- Publicidade -

Conversamos com Alexandre “Titan” Lima, Matheus “Dynquedo” Rossini e Filipe “Ranger” Brombilla após o primeiro dia do Rift Rivals 2018. Os três jogadores participaram de uma coletiva de imprensa após a vitória contra a Rainbow7.

Os jogadores da KaBuM estão disputando o Rift Rivals e representando o CBLOL ao lado da Vivo Keyd. No primeiro dia, ambas as equipes amargaram o resultado de 1 a 1 após os dois jogos disputados.

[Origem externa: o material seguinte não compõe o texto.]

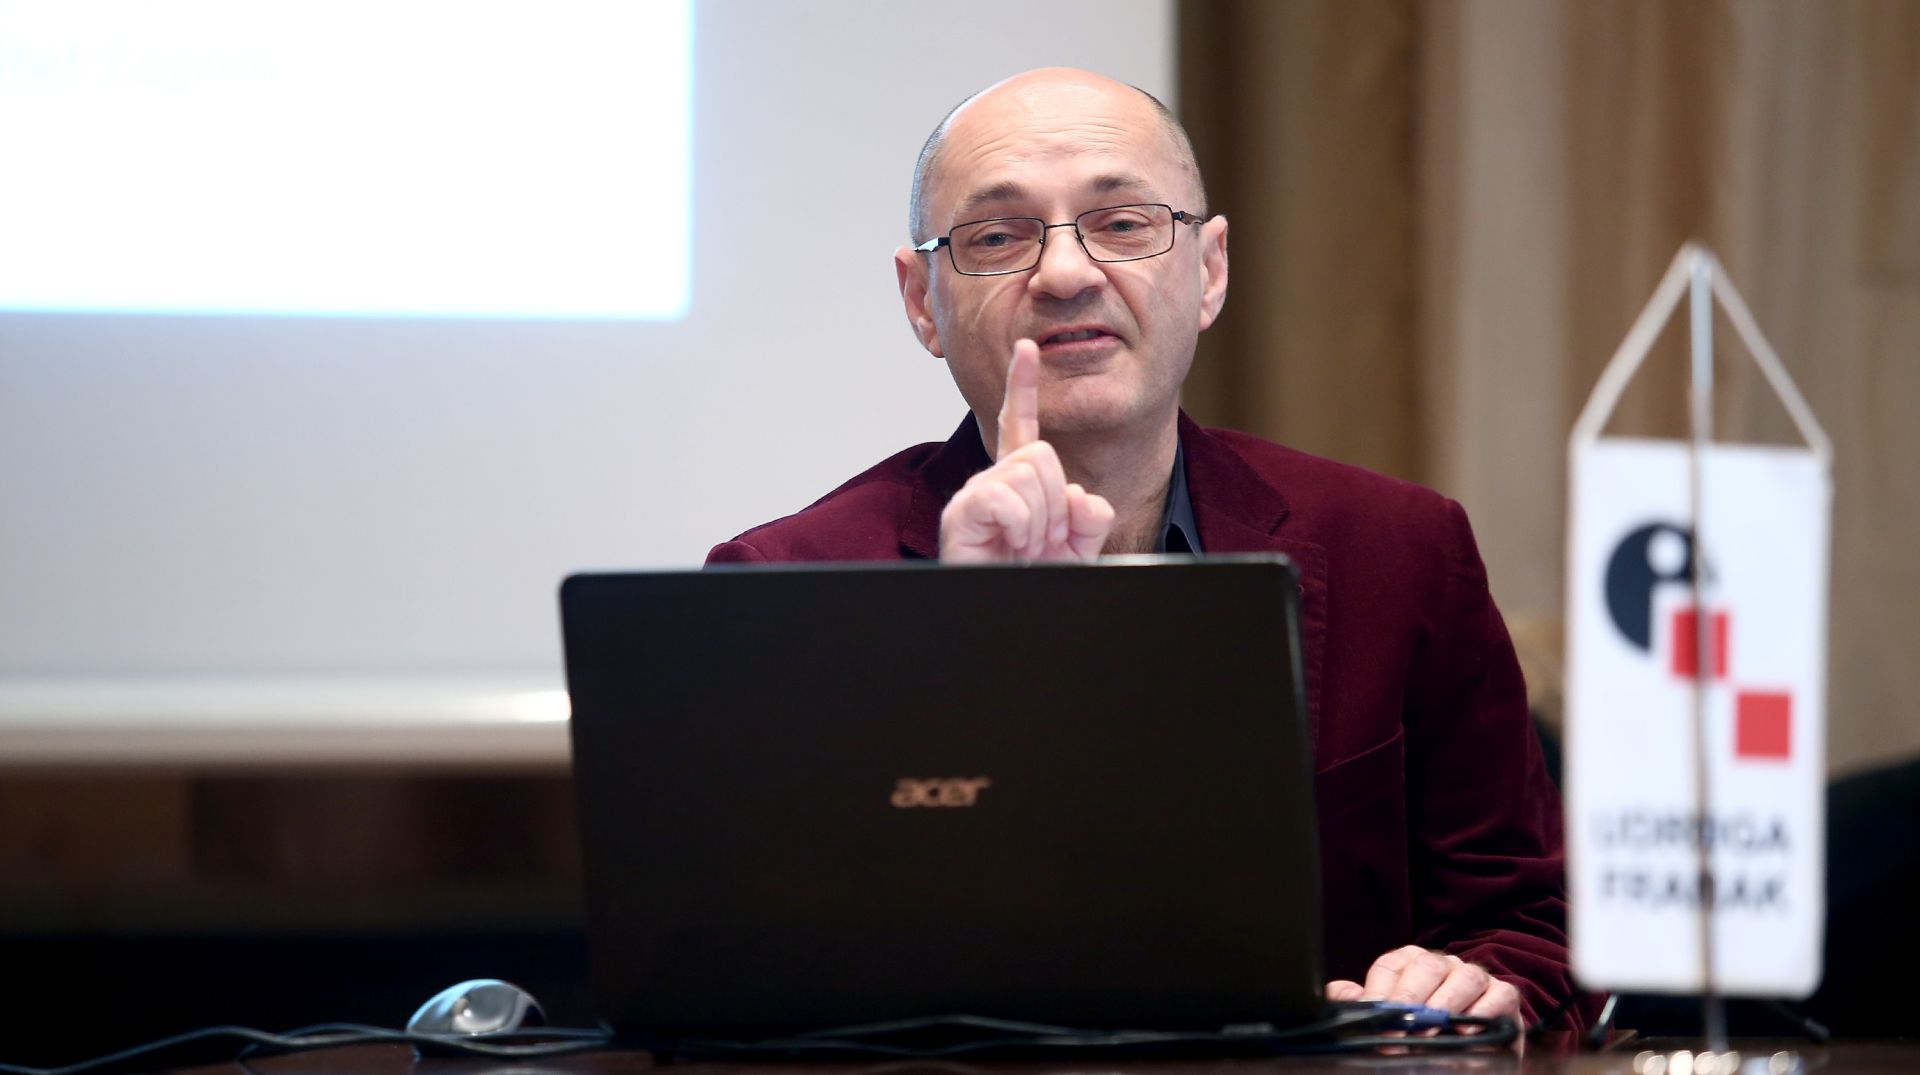 Udruga Franak podržava interpelaciju o radu Vlade

Poderiam falar um pouco sobre a derrota para a KLG?

Titan: “Acho que a primeira partida nós perdemos para nós mesmo. A gente sabia o tempo todo o que poderia acontecer, mas não estávamos respeito a nossa wincondition e o jogo acabou na laning phase, querendo ou não. Eu joguei muito mal no bot. Isso meio que desbalanceou o jogo. O Nocturne abriu muita vantagem no splitpush, então as win conditions deles apareceram muito mais cedo pois erramos muito antes do 6. Foi isso que fez a gente perder e o jogo foi muito ruim por isso.”

Veja também: Após vitória contra KaBuM, Tierwulf brinca: “Falador passa mal”

O Ranger chegou a comentar nas redes sociais que vocês achavam que seriam blue side mas eram red side na primeira partida. O que aconteceu?

Ranger: “Achávamos que iríamos jogar só blue side nesse primeiro dia. Nossa preparação, tanto nos treinos, estávamos 70% dos jogos tentando pegar blue side nas scrims. Fora que o Draft também, não estávamos preparados para o red side. Fomos pegos de surpresa, tanto que entramos em pânico e pegamos dois powerpicks de primeira, Zoe e Taliyah. E acabou afunilando no Draft, não sabíamos o que fazer e não nos preparamos tão bem.”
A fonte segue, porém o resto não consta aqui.